### Information provided
-- -- --

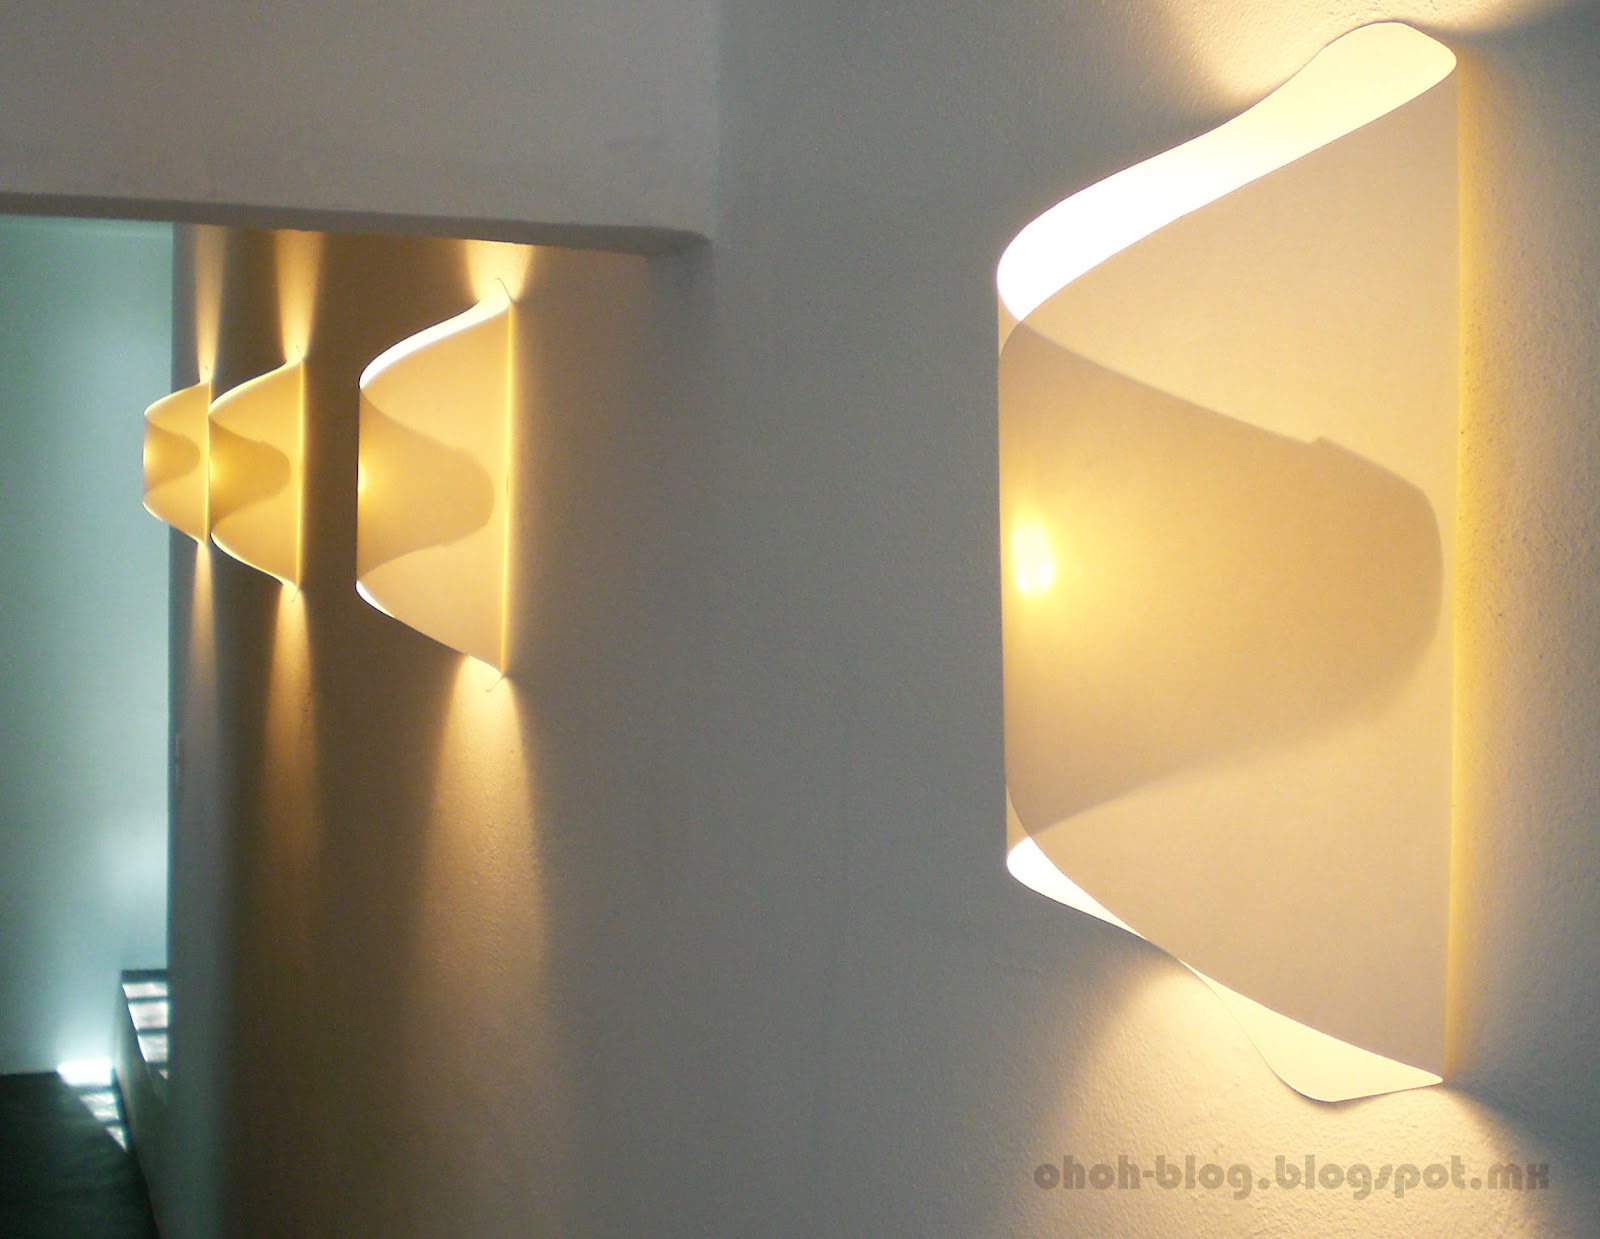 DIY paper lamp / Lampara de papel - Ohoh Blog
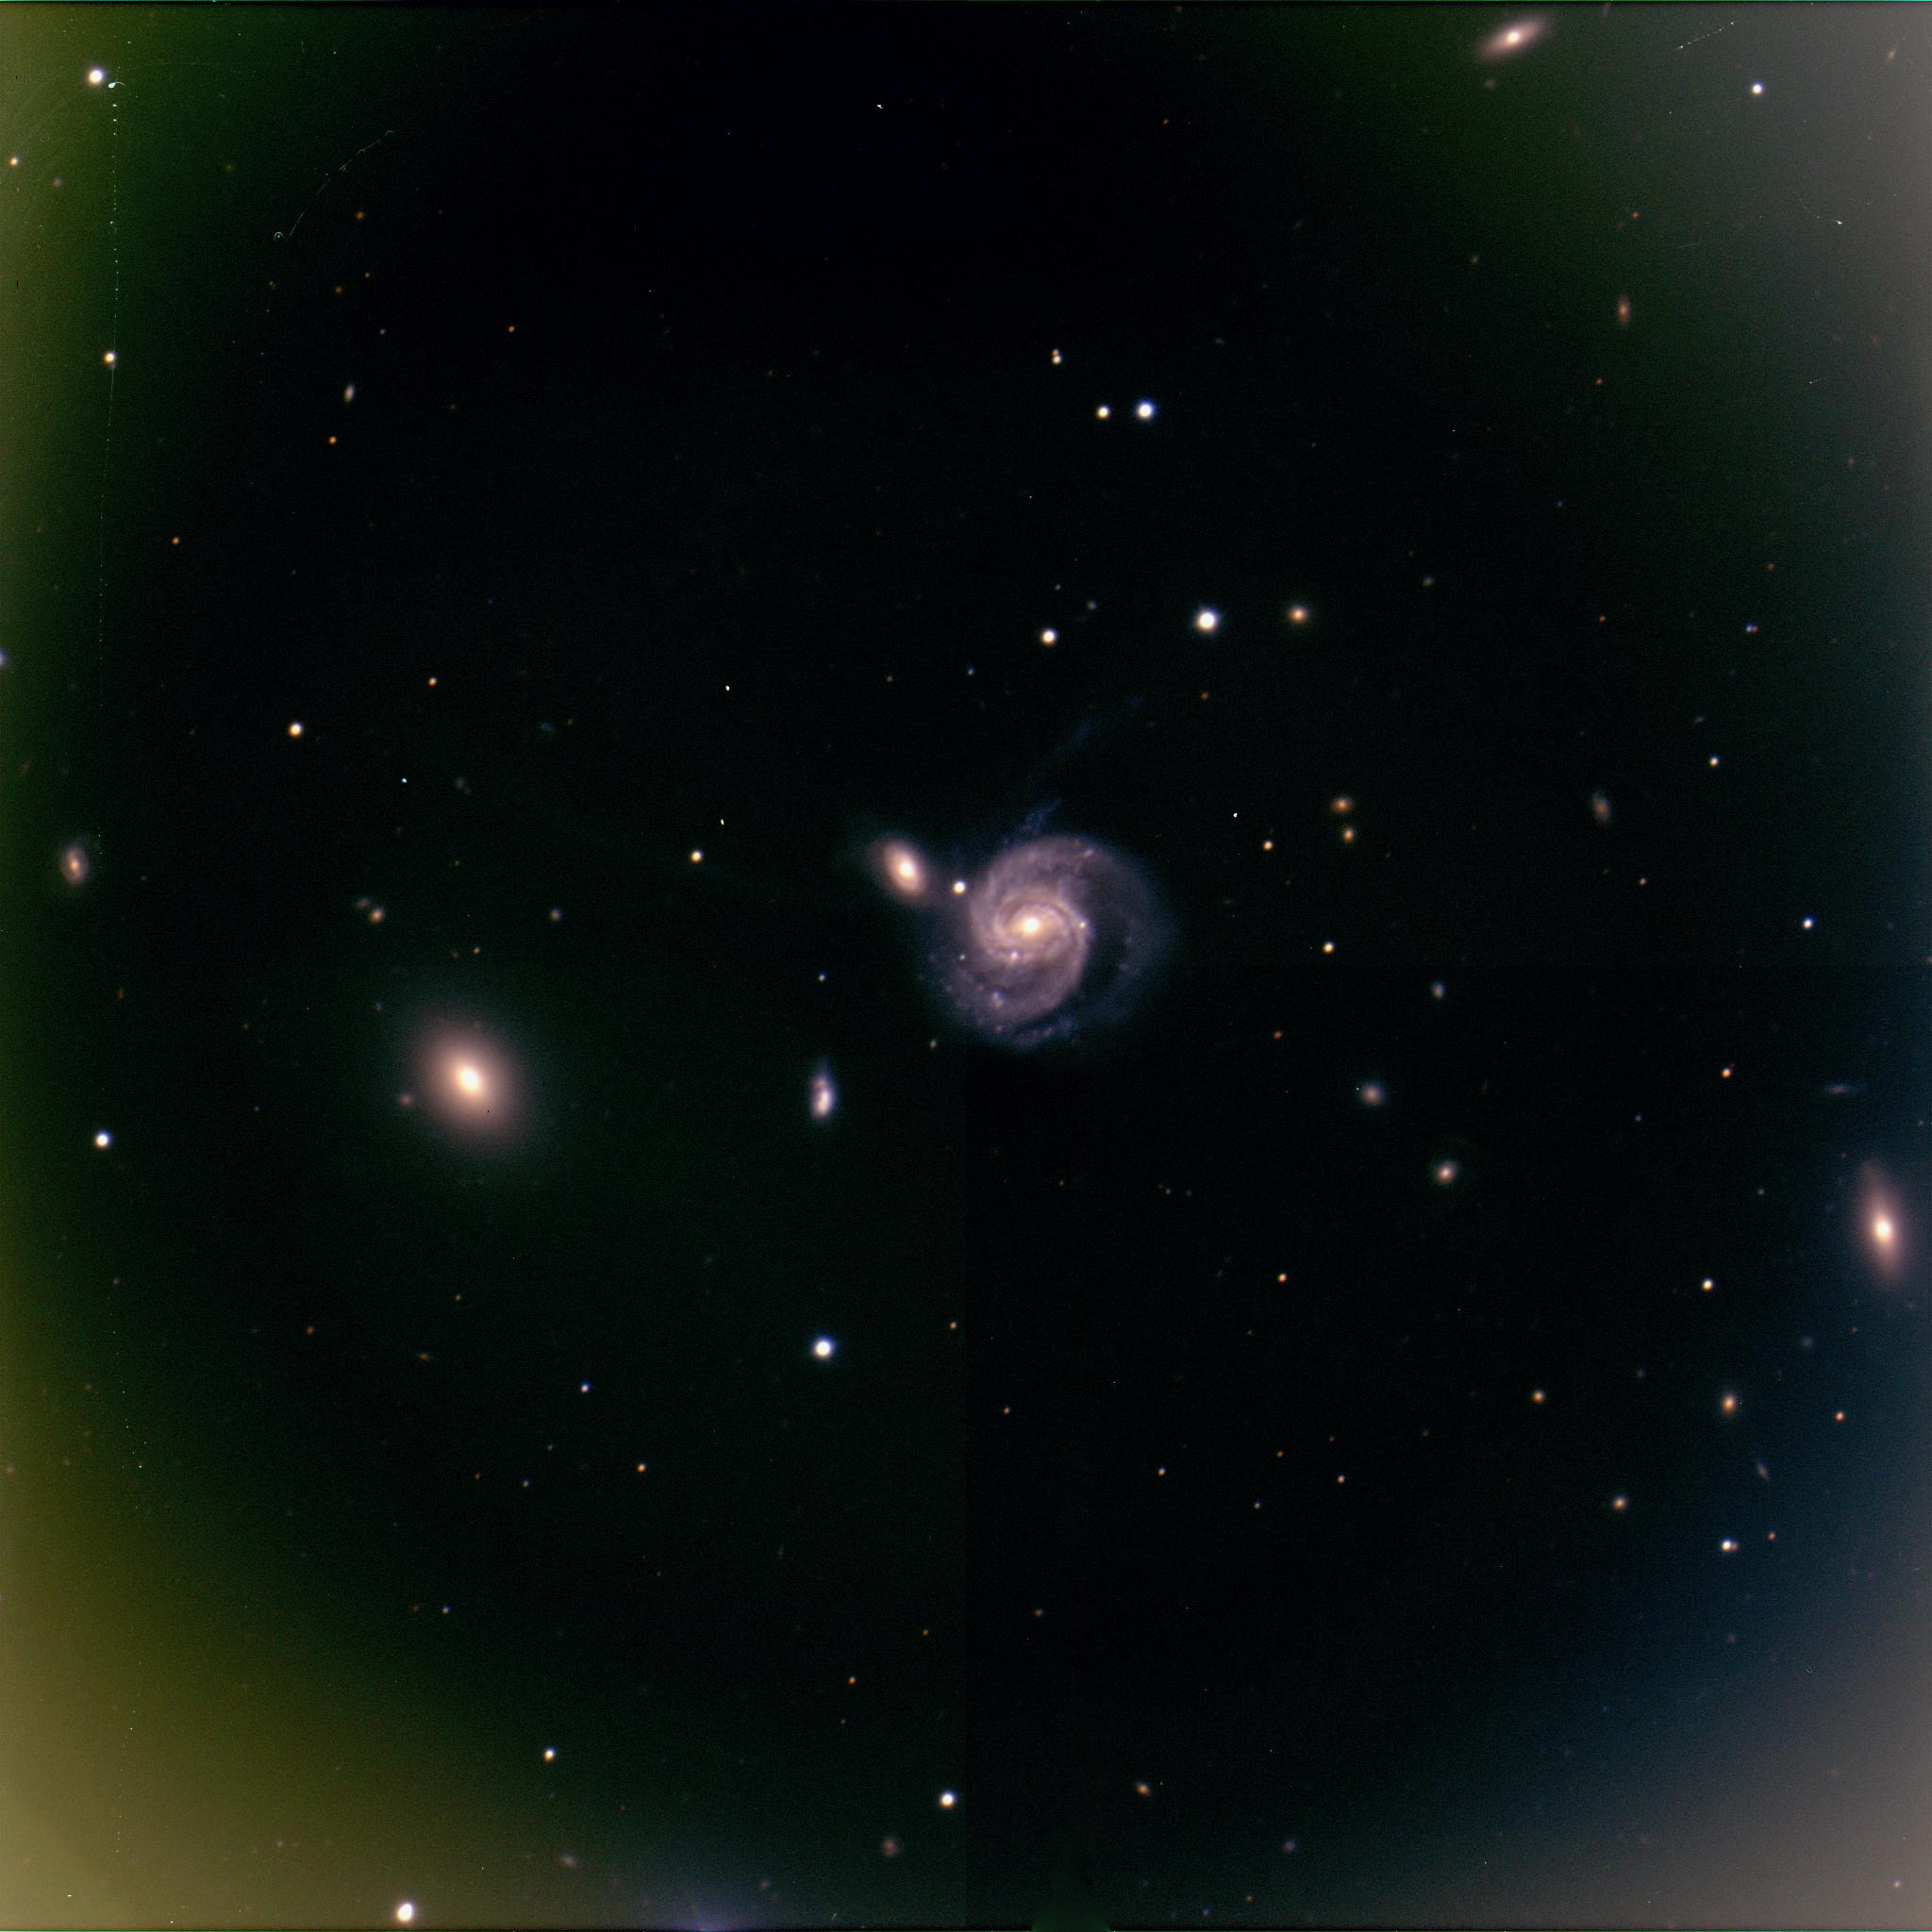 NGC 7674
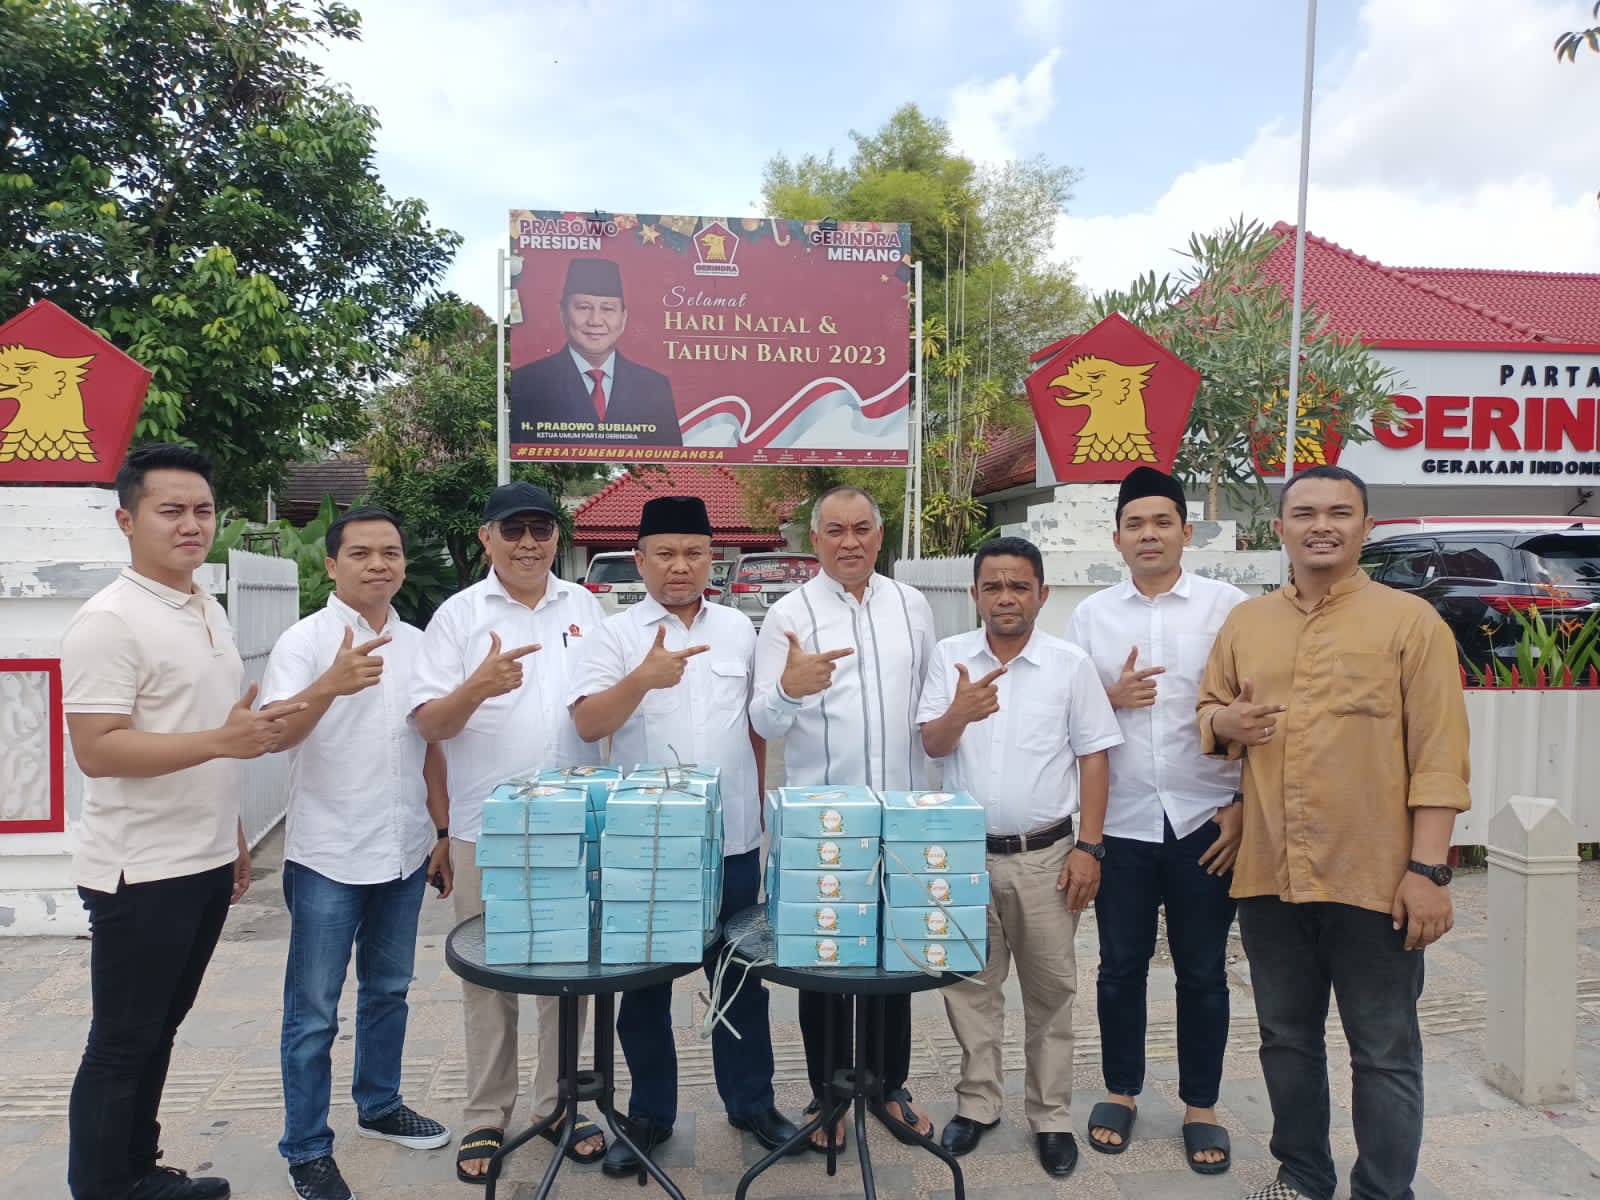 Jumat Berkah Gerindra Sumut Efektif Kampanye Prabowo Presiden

-- -- --

### What you will do
What is needed is an exact copy of the data, without any pictures.

### Result of the task
 DIY paper lamp / Lampara de papel - Ohoh Blog
 NGC 7674
 Jumat Berkah Gerindra Sumut Efektif Kampanye Prabowo Presiden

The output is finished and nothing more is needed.